(UR) Washington, DC — In what is being seen as the return of the Debtor’s Prison, poor and often indigent defendants are being jailed in ever-increasing numbers for their inability to pay legal fees and fines. The practice of jailing people for debt was abolished in the US in the 19th century, and for good reason: it is hard to repay that debt when you are in jail. More importantly, the practice was deemed unconstitutional, a decision that was upheld by the 1971 Tate v. Short ruling.

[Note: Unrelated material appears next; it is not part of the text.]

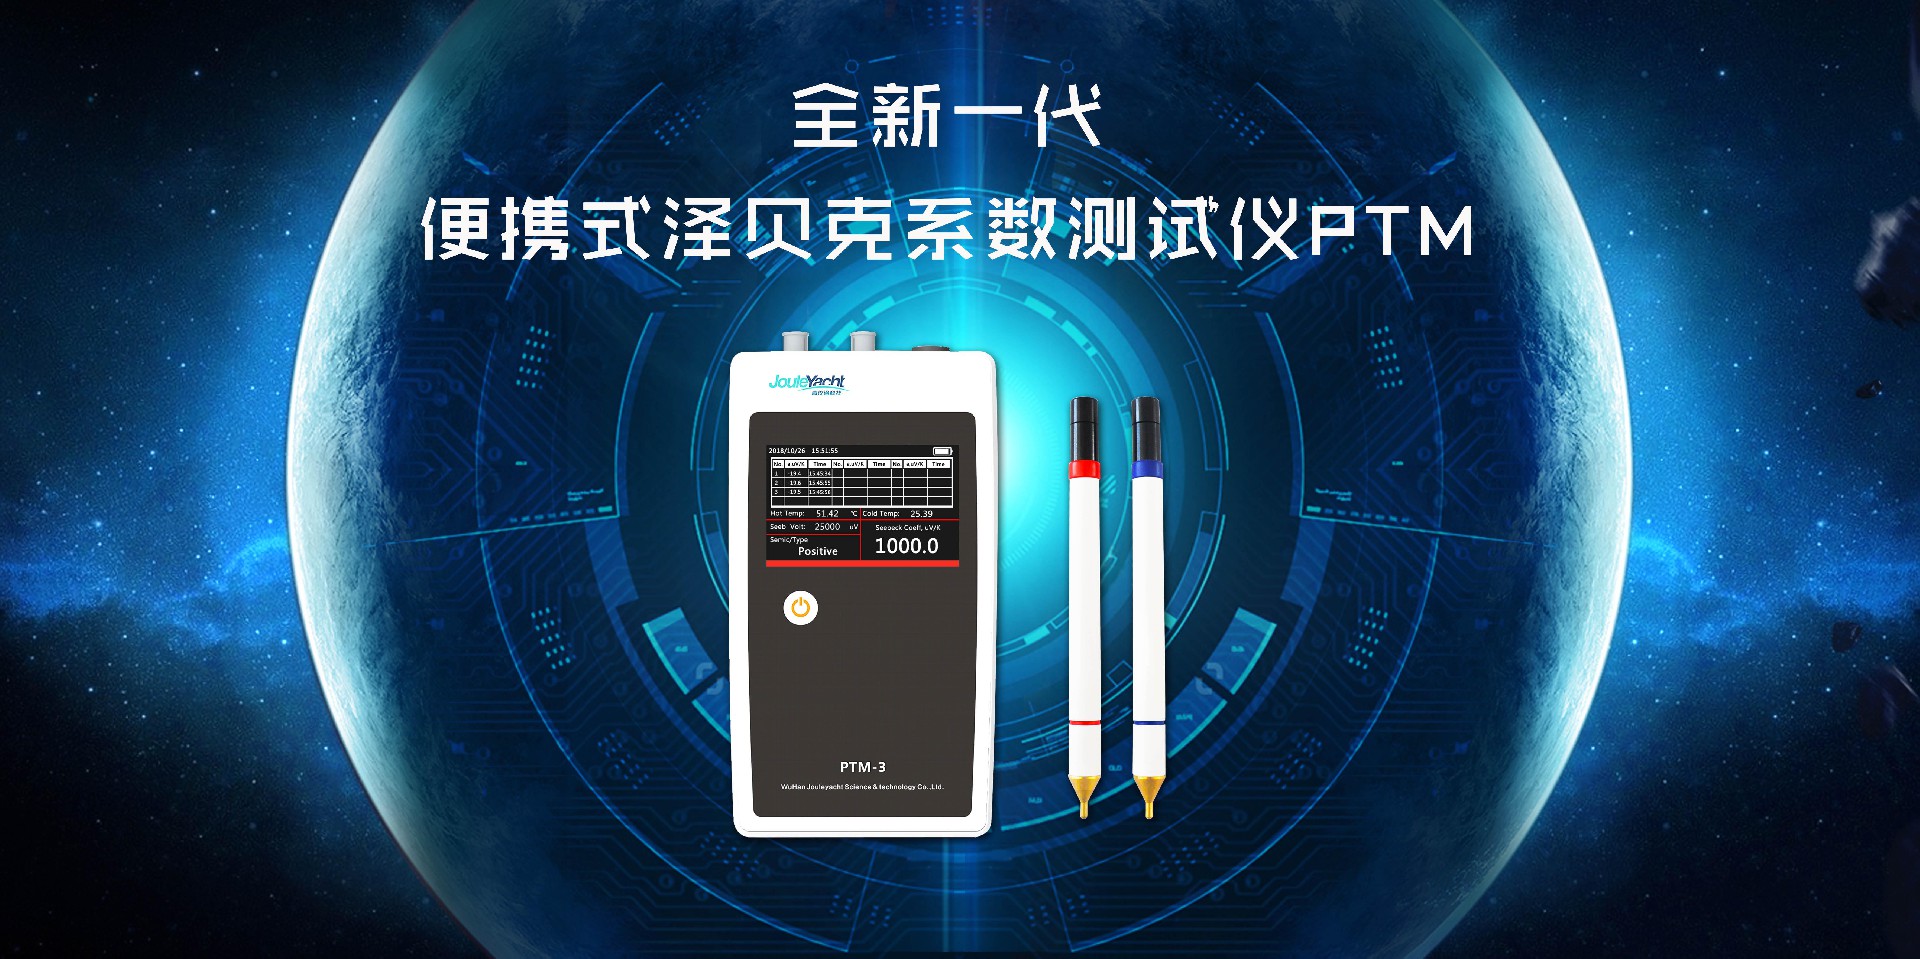 6秒测样，全新一代便携式热电参数测试仪PTM焕新呈现！

The 14th Amendment of the Constitution guarantees “equal protection of the laws” to all U.S. citizens. When poor citizens are being incarcerated for their inability to pay fines and the judges who hand down these unconstitutional rulings do not face prosecution, equality seems to have been set aside. A memo from the Department of Justice, released this past week, seeks to return a little equality to the justice system.
The DOJ memo, circulated to chief justices and court administrators at the state level, is a federal attempt to remind judges that the practice of imprisonment for debt is unconstitutional, and to restore some modicum of wealth-poverty equality before the legal system. It does, however, fall short.

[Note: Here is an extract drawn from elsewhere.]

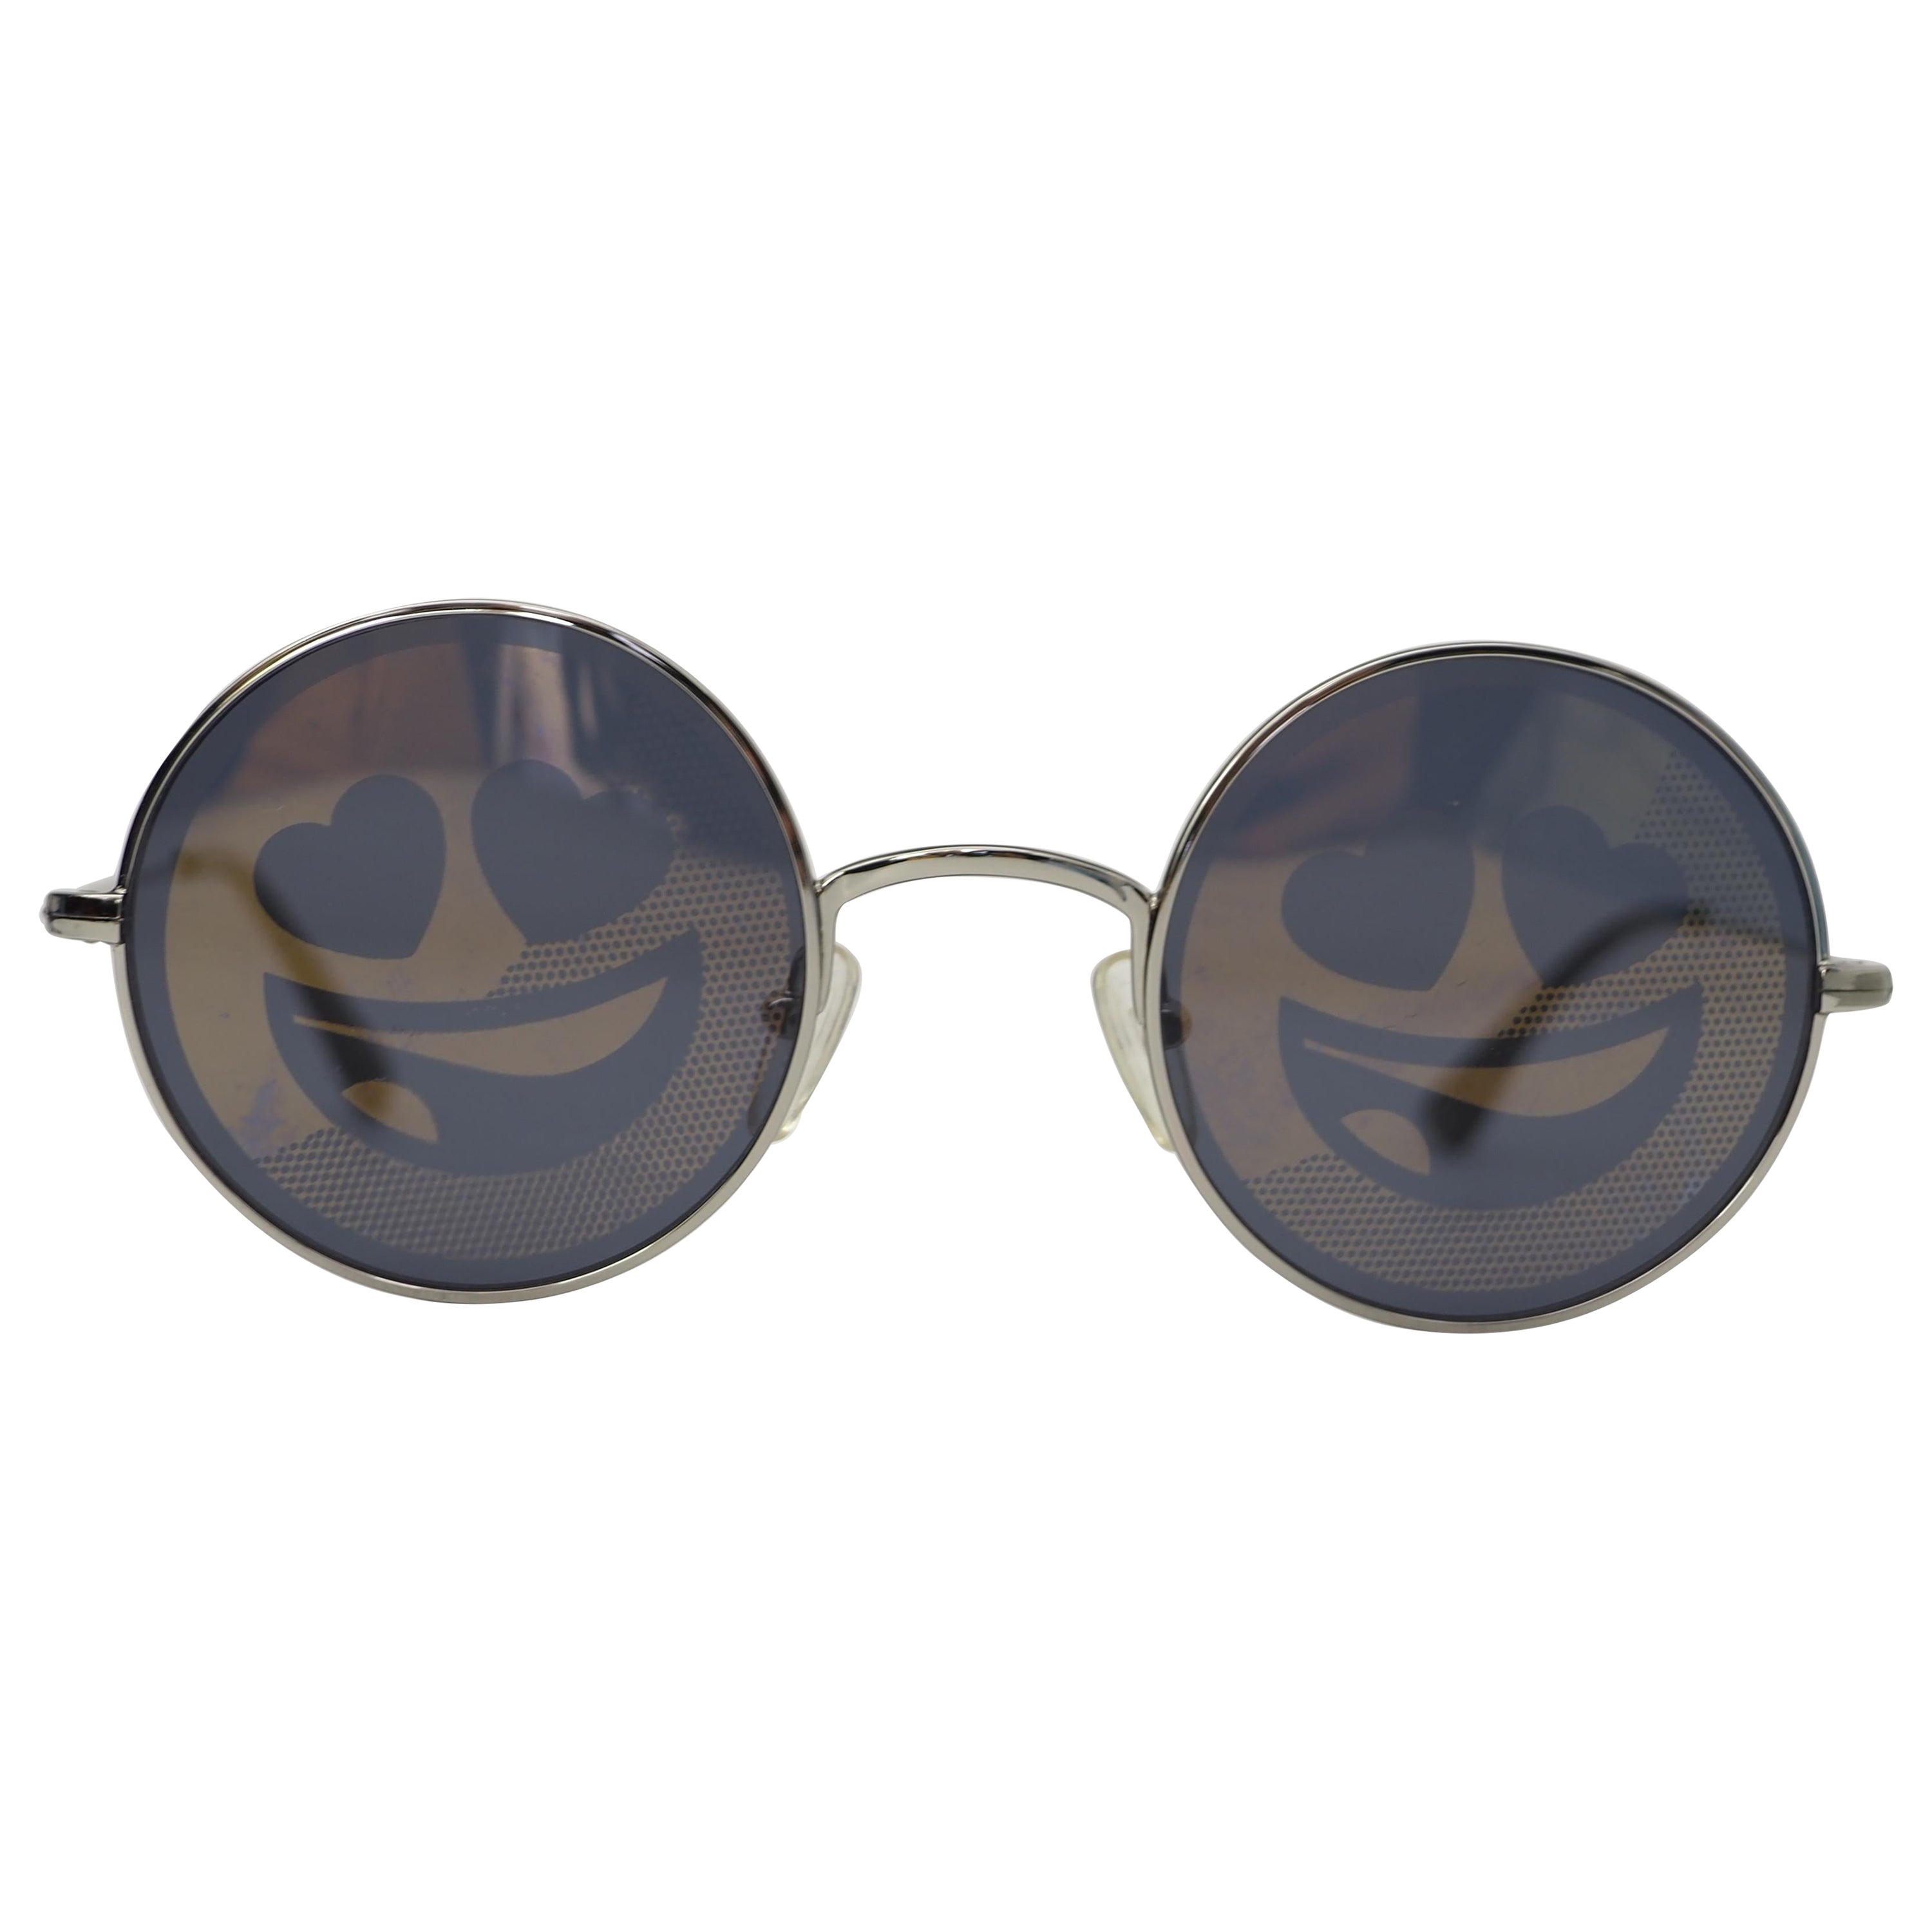 Jeremy Scotto lächelt mit Sonnenbrille

If a judge unconstitutionally incarcerates a citizen for being unable to pay their court fees, then that judge is breaking the law. If the judge is not then tried, the inequality of the system remains.
Addressing one of the fundamental inequalities of the legal system is at the heart of the DOJ document. For many poor and marginalized populations, specifically non-whites, it represents a baby-step in the right direction. As well, while charging and jailing judges who violate the constitutional rights of U.S. citizens under color of law legislation may restore the concept of “equality before the law,” it will not kill the root of the problem.

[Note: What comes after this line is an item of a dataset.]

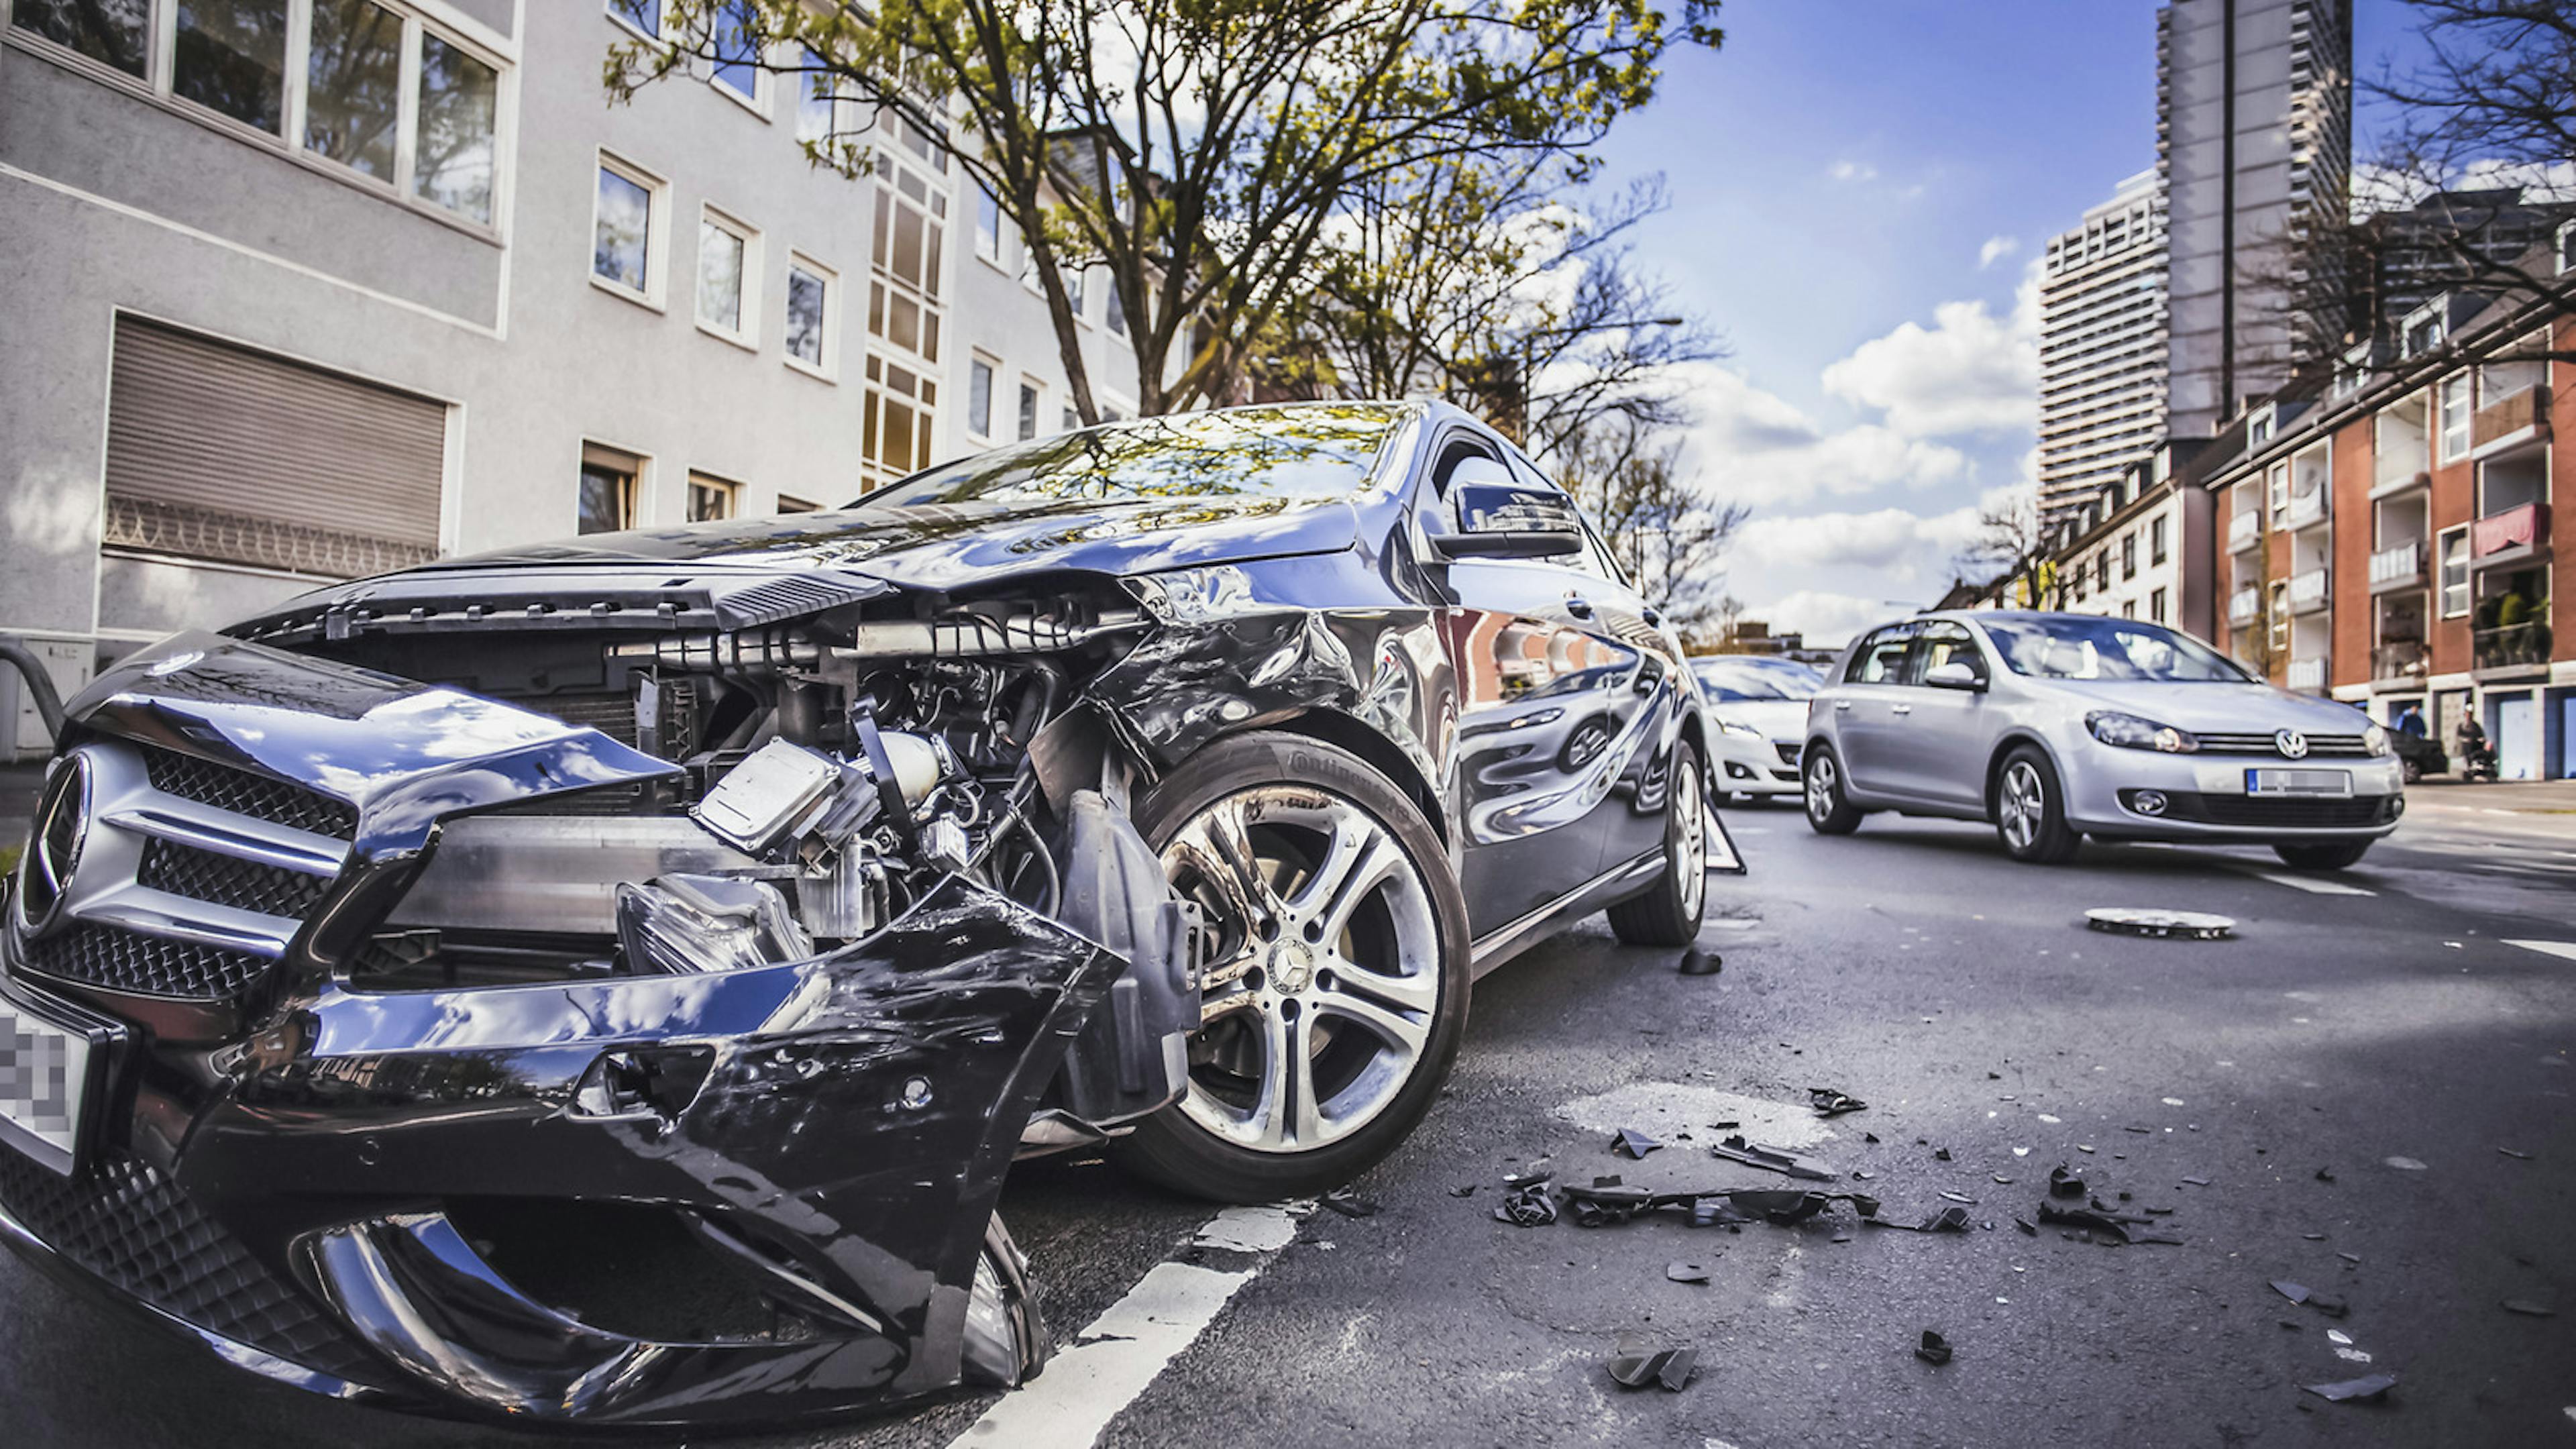 Ein durch einen Unfall zerstörter Mercedes steht am Straßenrand in einer Stadt.

One of the issues underlying this inequality is the for-profit model of the modern prison system. Private companies, invested in various aspects of the corrections system, require high prisoner populations in order to profit. If the overall goal of stakeholders is not the rehabilitation of incarcerated offenders, but capital gain — and as long as the interests of private industry are represented — the system’s very integrity is suspect.
Criminally charging judges who violate the constitutional rights of defendants, let alone sending out a strongly-worded memo reminding judges of their constitutional duties will, perhaps, restore some of the balance. It does, at the very least, suggest to the poor people who find themselves imprisoned for being unable to pay a fee that someone in the government is trying to help the situation.
Unless the motivation for that corruption is eliminated, however, new problems will only emerge, and whatever equality is reached will only be temporary.